# Please, help me save my Royal Python!!



## RoyalPythonRegal (3 mo ago)

Hey,

I hope you’re well! I really need some advice on how to care for my new snake, I’m horridly worried that he won’t be getting the correct care.

I recently purchased a 3 year old male Royal Python from a old colleague of mine.
I’ve been wanting a snake for a very long time (and was likely going to purchase a corn snake in the near future), and had done a lot of research into the husbandry of snakes. So when somebody I knew was selling the snake on Facebook due to the child who owned it moving away, I happily jumped at the chance!

My Royal Python was came with:
Wooden Vivarium, with fitted heated lamp and cage
Heat mat
2 Hides
Water bowl
Digital thermometer/ hydrometer
2 Large Pieces bark and 1 artificial plant for decor/enrichment

He’s very docile, was easily handled and I was told he has consistently fed and shed well!
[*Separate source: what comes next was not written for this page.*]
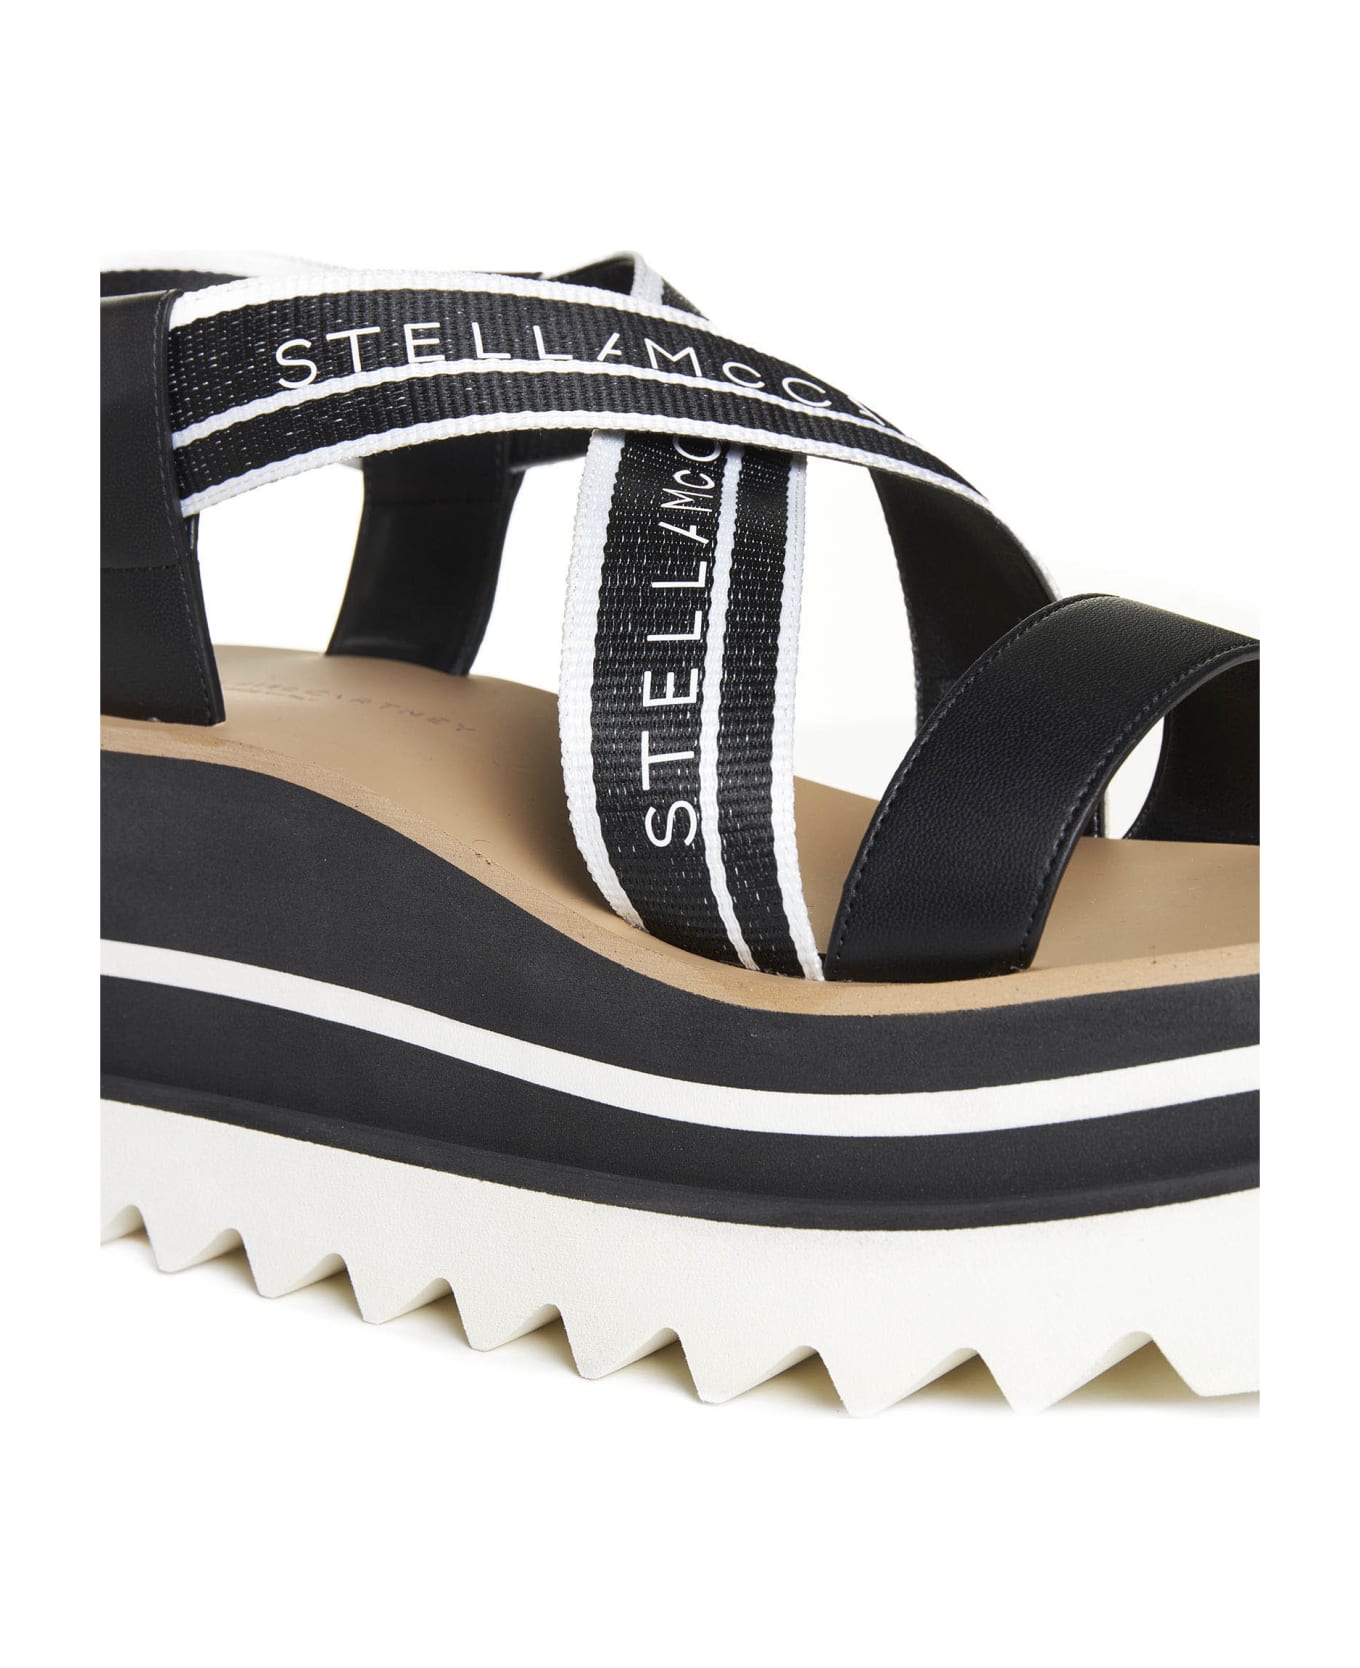 Stella McCartney Sneak Elyse Sandals - Black/white サンダル

However, I’m now panicking for a few reasons, largely surrounding his heating but not limited to just this.
Firstly, his current vivarium measures approx 15 x 15 x 34, which I believe is potentially too small? I have a second larger vivarium ready to be use which I luckily got for free from Facebook Marketplace, measuring 20 x 18 x 36, which I will be moving my snake into in the very near future, once I’ve got all the correct set up.
My biggest concerning is the heating; I live in the south of the U.K. which is typically quite cold, and I’ve noticed his heat mat is not temperature controlled. I need to purchase a thermostated heat mat as soon as possible, as I’ve seen the heat mat spike the heat probe as hot as 41•C, which I immediately turned off. Conversely, the cool side of his vivarium has at points reached 21•C, and while it has only been for a night or so (so far) I know a change in heat regulation is needed immediately to ensure his survival.
There is a heat lamp fitted in the vivarium, which when I have been using during the daytime/evening to provide warmth and has kept the vivarium in the ideal ranges (31-33•C in the heated end and 23-25•C in the cool end) but I know that if I leave the light on continues the lack of day/night cycle will stress out the snake.
Even currently as I’m writing this, I have stayed up all night out of fear the environment will be too cold, and have noted the times thermostat check from turning off the heat lamp, and pre/post turning the heat mat on for fear of spiking:

1:51am (N/A) - 29.6C/24.8C
2:25am (N/A)- 27.4C/24.3C
3:33am (Mat) - 33.6C/23.5C
4:01am (Mat) - 34.6C/23.2C
5:07am (Mat) - 36.3C/22.7C
5:32am (Mat) - 36.9C/22.5C

Even with the heat mat one the cool side is getting colder and colder, and I’m going to have to soon turn on the heat lamp and turn off the heat mat just for his safety, even though the snake will be stressed out.

I’ve tried looking for heat mat solutions but from what I gather you can’t put heat mats inside wooden terrariums? Unless you are able to fit some sort of sheet or protection, and even then the opinions seem mixed.

As for a heat lamp, should I simply purchase a ceramic heat lamp? I know I’d likely have to explore an additional non-heating light source too, but once again every article seems to have different opinions of what’s functional and not, and I can’t decipher clear answers anymore.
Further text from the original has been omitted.